I should mention a new crime novel that popped earlier this month, since it’s got the local angle for those of you who may be collecting San Francisco mysteries — rife with Bay Area action, though toward the end it moseys down into Guatemala as if influenced by Kent Harrington. I thought of Kent’s Frisco/Guatemala crossovers more than once as I was reading this one.

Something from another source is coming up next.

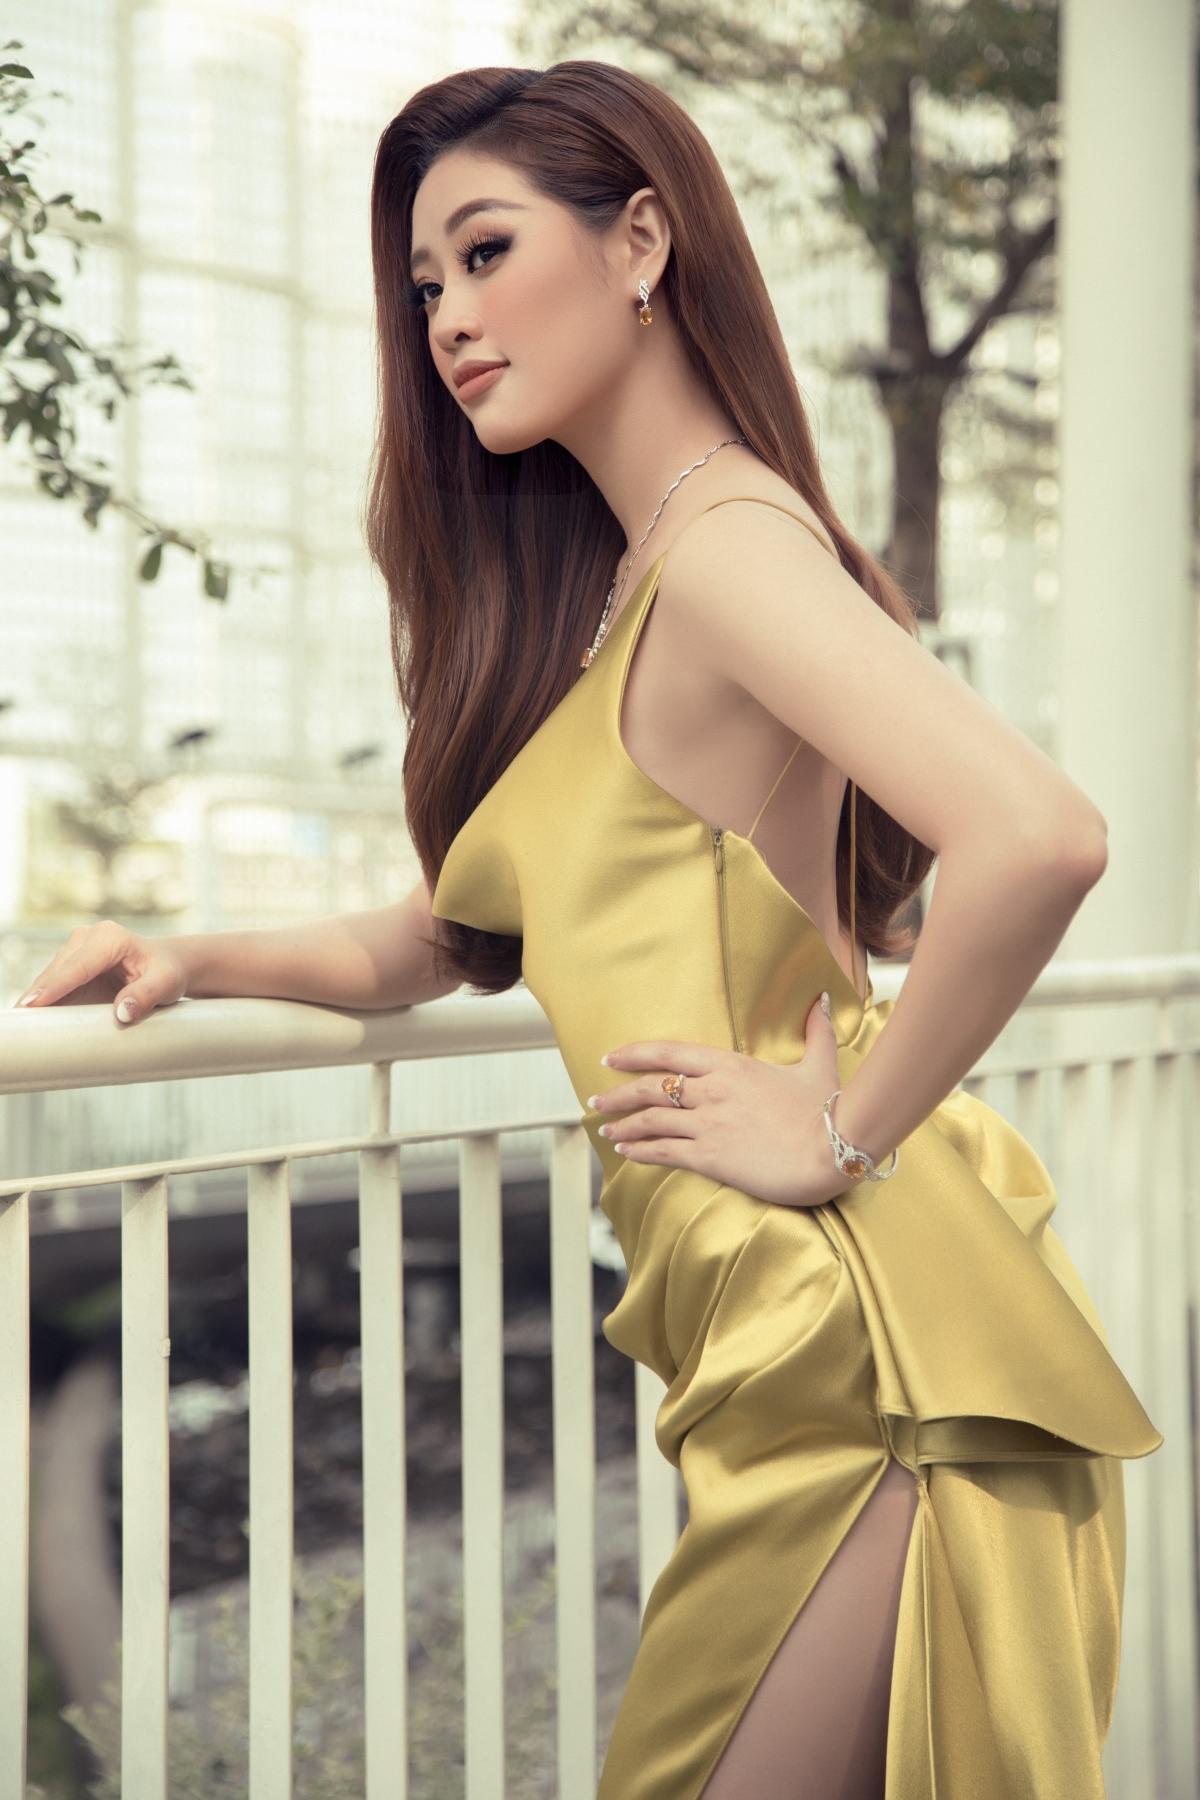 Nguyễn Trần Khánh Vân sinh năm 1995 tại TP.HCM, đăng quang Hoa hậu Hoàn vũ Việt Nam 2019, hiện hoạt động với vai trò người mẫu, diễn viên.

I did my more weighty review of Bradley Spinelli’s The Painted Gun elsewhere — you can catch a few of my anonymous lines on the Amazon page (and a couple I didn’t write, from the same review). Overall, I enjoyed it, seeing it as something of a romp through a variety of “mystery” stylings. A hard-boiled start with a couple of paragraphs about inhaling cigarette smoke. A nice run of puzzle mystery clewing. Kind of a little tour de force — though one big serious fan of crime writing on Mystery*File seemed bothered by it. I don’t think Spinelli was trying to out-Pynchon Thomas Pynchon, myself, but I guess I could be wrong.
For purposes of These Mean Streets, the author blurbs mention that Spinelli lived in the Bay Area awhile, notably South San Francisco where the protagonist also lives. Most of the local details are good, though with any of these books you look — or I look — for details that don’t ring right.
Spinelli has been based in Brooklyn lately, and clearly wasn’t on scene to triple-check every Friscoid detail.
Just from memory, he suggests that Hill Street kind of where it intersects Valencia is just one block long, but it picks up again for several blocks as it climbs the rocky slope to the west.
In route to some scenes in Chinatown from Market there is the suggestion that a hill of some consequence is in the way, but that route is mostly flat by San Francisco standards — unless you go around the wrong way and have to trudge over Nob Hill, or get really lost and find yourself on some rocky outcropping of Russian Hill.
And there’s a scene where the Mission Street bus is running along Market, which I can’t wrap my mind around — though admitting that perhaps at the very time Spinelli was in town soaking up the atmosphere it may have been detoured for some sort of construction.
For this sort of thing, three quibbles isn’t bad — after all, Robert B. Parker put the toll booths on the wrong end of the Golden Gate Bridge in one of his Spenser novels.